Interest expense was $0.1 million for the thirteen weeks ended April 28, 2012 and April 30, 2011. There were no borrowings on the revolving line of credit during the thirteen weeks ended April 28, 2012 or April 30, 2011.

Income before Taxes

Income before taxes for the first quarter of fiscal 2012 increased $1.1 million, or 9.7%, to $12.9 million compared to $11.7 million in the first quarter of fiscal 2011. As a percentage of net sales, income before taxes was 9.6% for the first quarter of fiscal 2012 compared to 10.0% for the first quarter of fiscal 2011.

Income Tax Expense

Income tax expense for the thirteen weeks ended April 28, 2012 was $4.8 million compared to income tax expense of $4.5 million for the thirteen weeks ended April 30, 2011. The effective income tax rate for the first quarter of fiscal 2012 was 37.5% compared to an effective rate of 38.0% for the first quarter of fiscal year 2011. The effective rate differed from the federal enacted rate of 35% primarily due to state taxes, net of federal benefits.

Net Income

Net income for the first quarter of fiscal 2012 increased $0.8 million, or 10.6%, to $8.1 million compared to $7.3 million for the first quarter of fiscal 2011. As a percentage of net sales, net income was 6.0% for the first quarter of fiscal 2012 compared to 6.2% for the first quarter of fiscal 2011. The decrease in net income as a percentage of net sales was primarily due to higher selling, general and administrative expenses primarily related to our growth and store expansion and realignment of our advertising expenses.

Seasonality

Our business is subject to seasonal fluctuations, which are typical of retailers that carry a similar merchandise offering.
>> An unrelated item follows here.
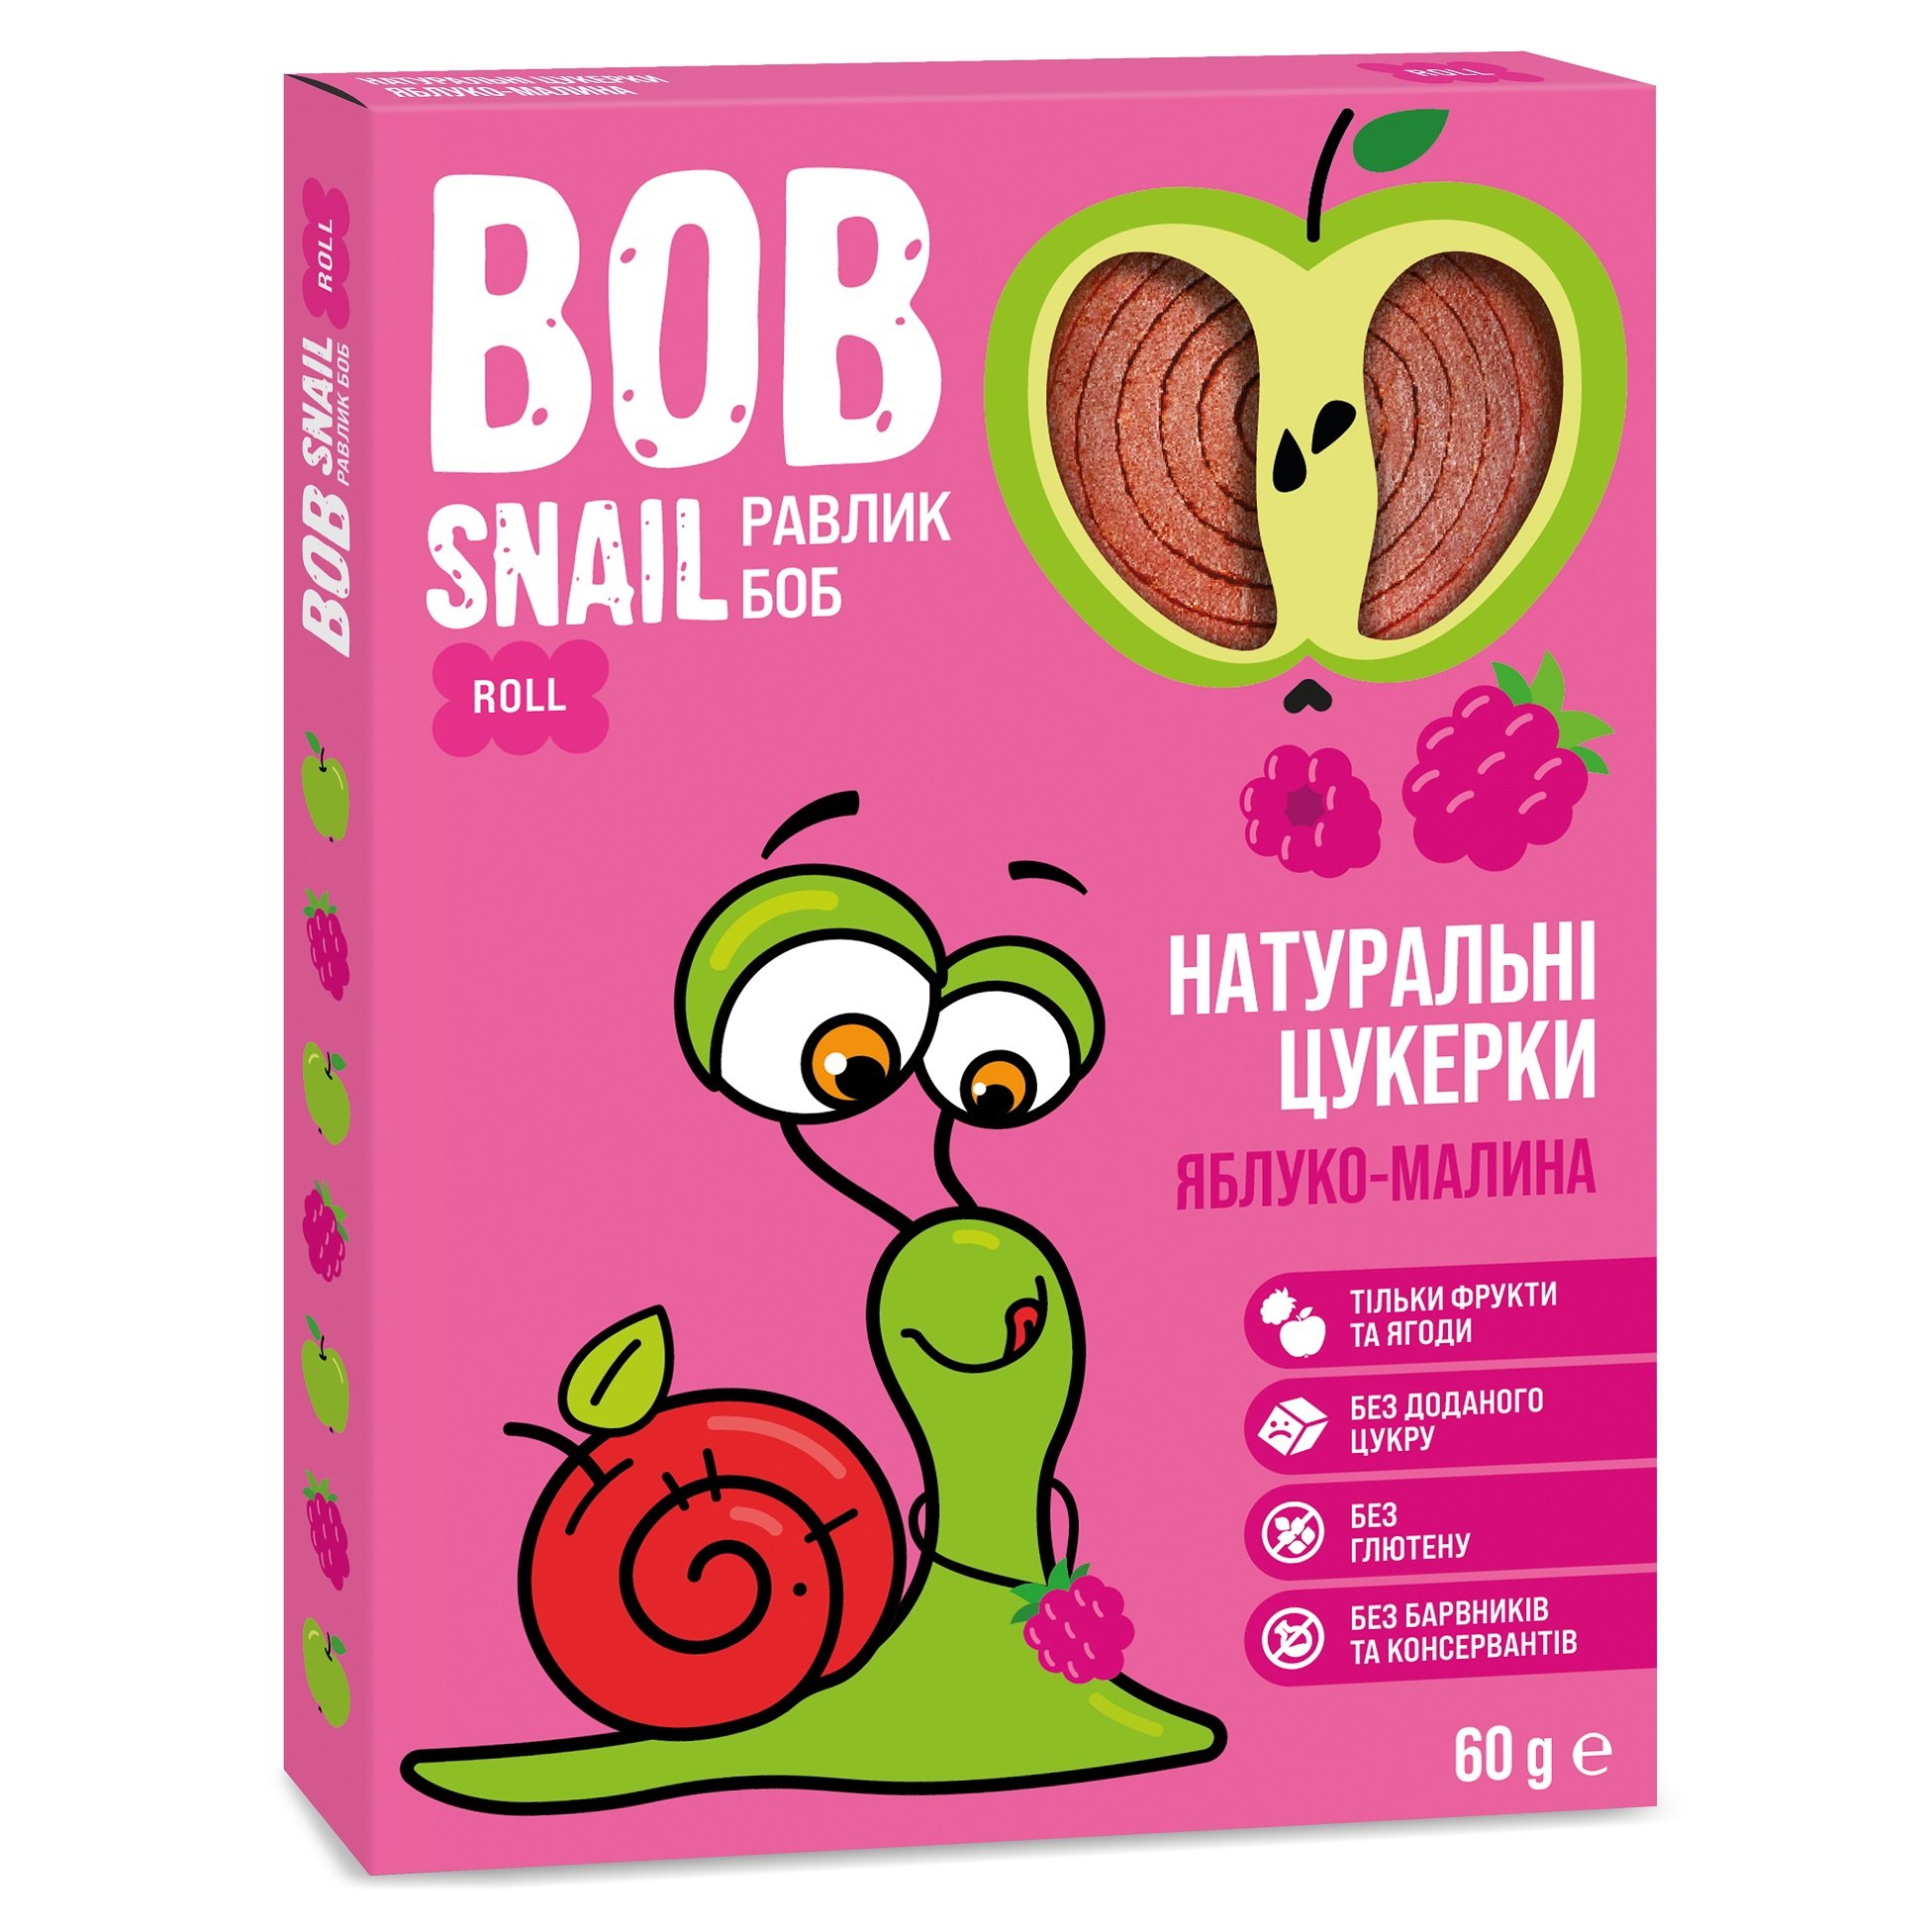 Натуральні цукерки Bob Snail Равлик Боб Яблуко та Малина, 60 г - фото 1

A disproportionate amount of our sales and net income are realized during the fourth fiscal quarter, which includes the holiday selling season. In fiscal years 2011, 2010 and 2009, respectively, 33.6%, 32.6% and 33.7% of our net sales were generated in the fourth quarter. Operating cash flows are typically higher in the fourth fiscal quarter due to inventory related working capital requirements in the third fiscal quarter. During fiscal years 2011, 2010 and 2009, we generated net income during the first nine months of $15.0 million, $7.2 million and $9.7 million, respectively, and 40.5%, 54.0% and 39.0% of net income was realized in the fourth quarters of fiscal years 2011, 2010 and 2009, respectively. Our business is also subject, at certain times, to calendar shifts, which may occur during key selling periods close to holidays such as Easter, Thanksgiving and Christmas and regional fluctuations for events such as sales tax holidays.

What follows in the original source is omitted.